● **Required work**
The copy must match the data below line for line and contain no images.

● **Material provided**
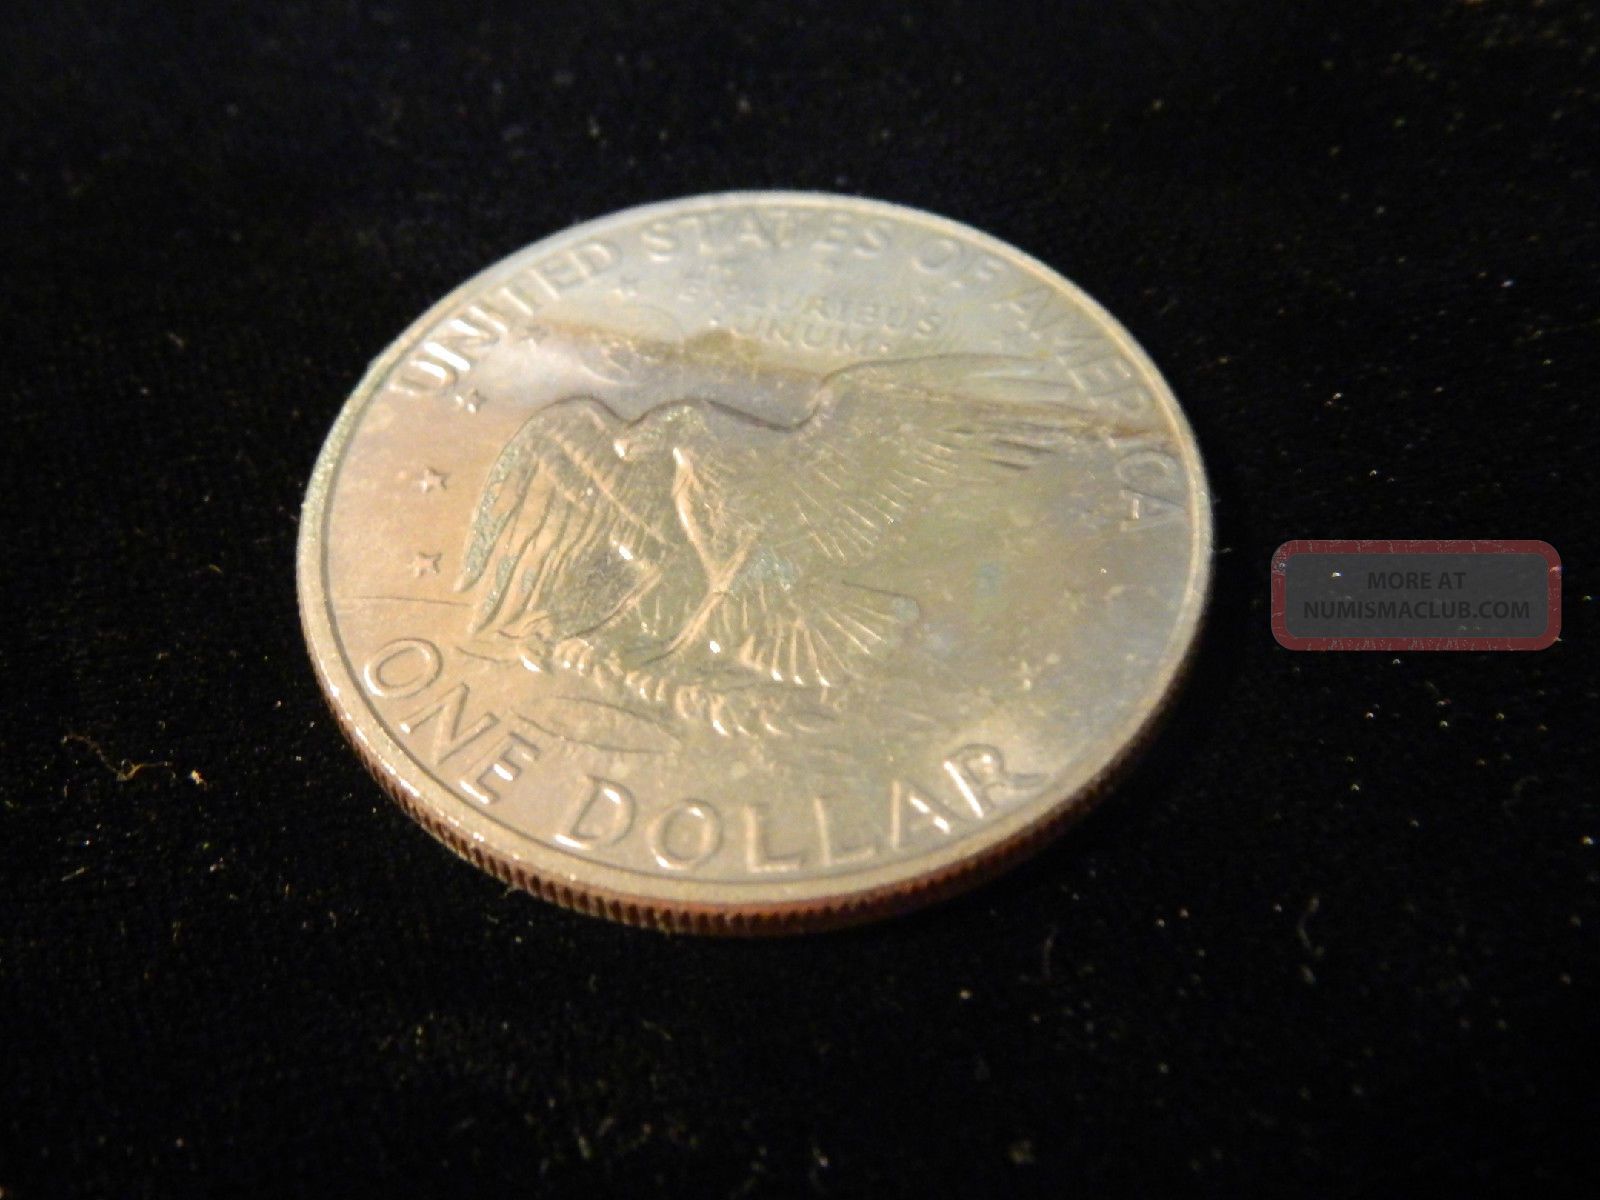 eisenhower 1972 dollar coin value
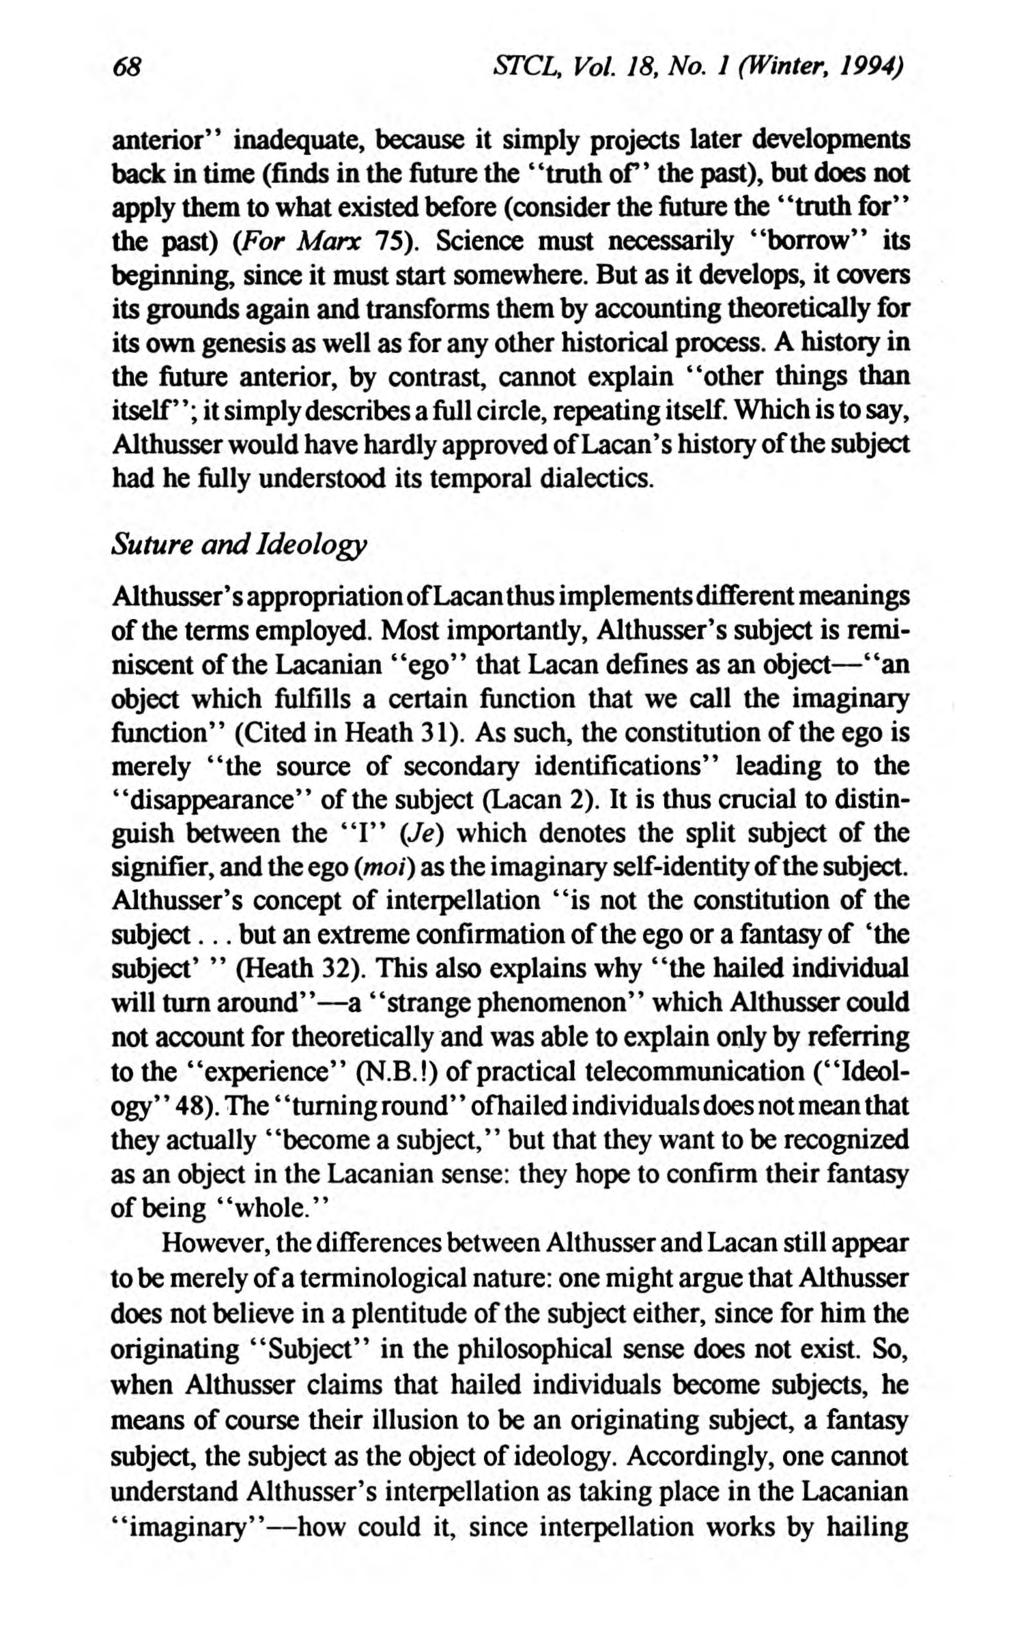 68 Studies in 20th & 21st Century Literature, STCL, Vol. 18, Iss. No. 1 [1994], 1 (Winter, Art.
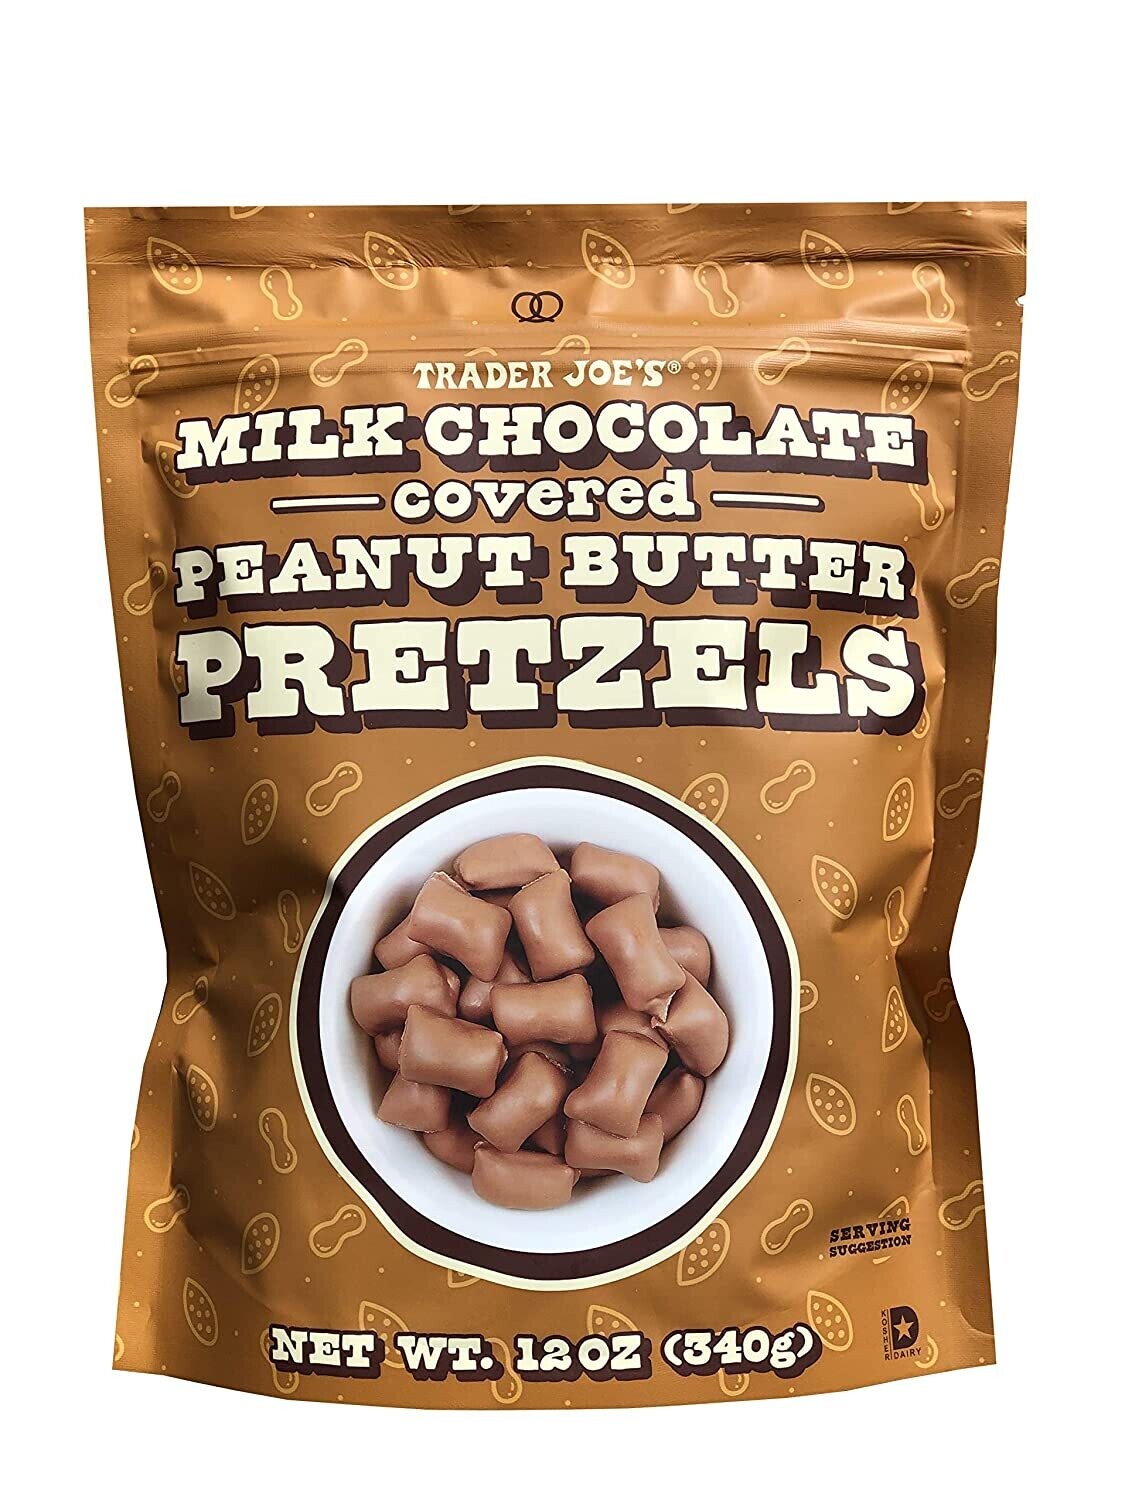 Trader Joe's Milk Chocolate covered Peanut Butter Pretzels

● **Response box**
 eisenhower 1972 dollar coin value
 68 Studies in 20th & 21st Century Literature, STCL, Vol. 18, Iss. No. 1 [1994], 1 (Winter, Art.
 Trader Joe's Milk Chocolate covered Peanut Butter Pretzels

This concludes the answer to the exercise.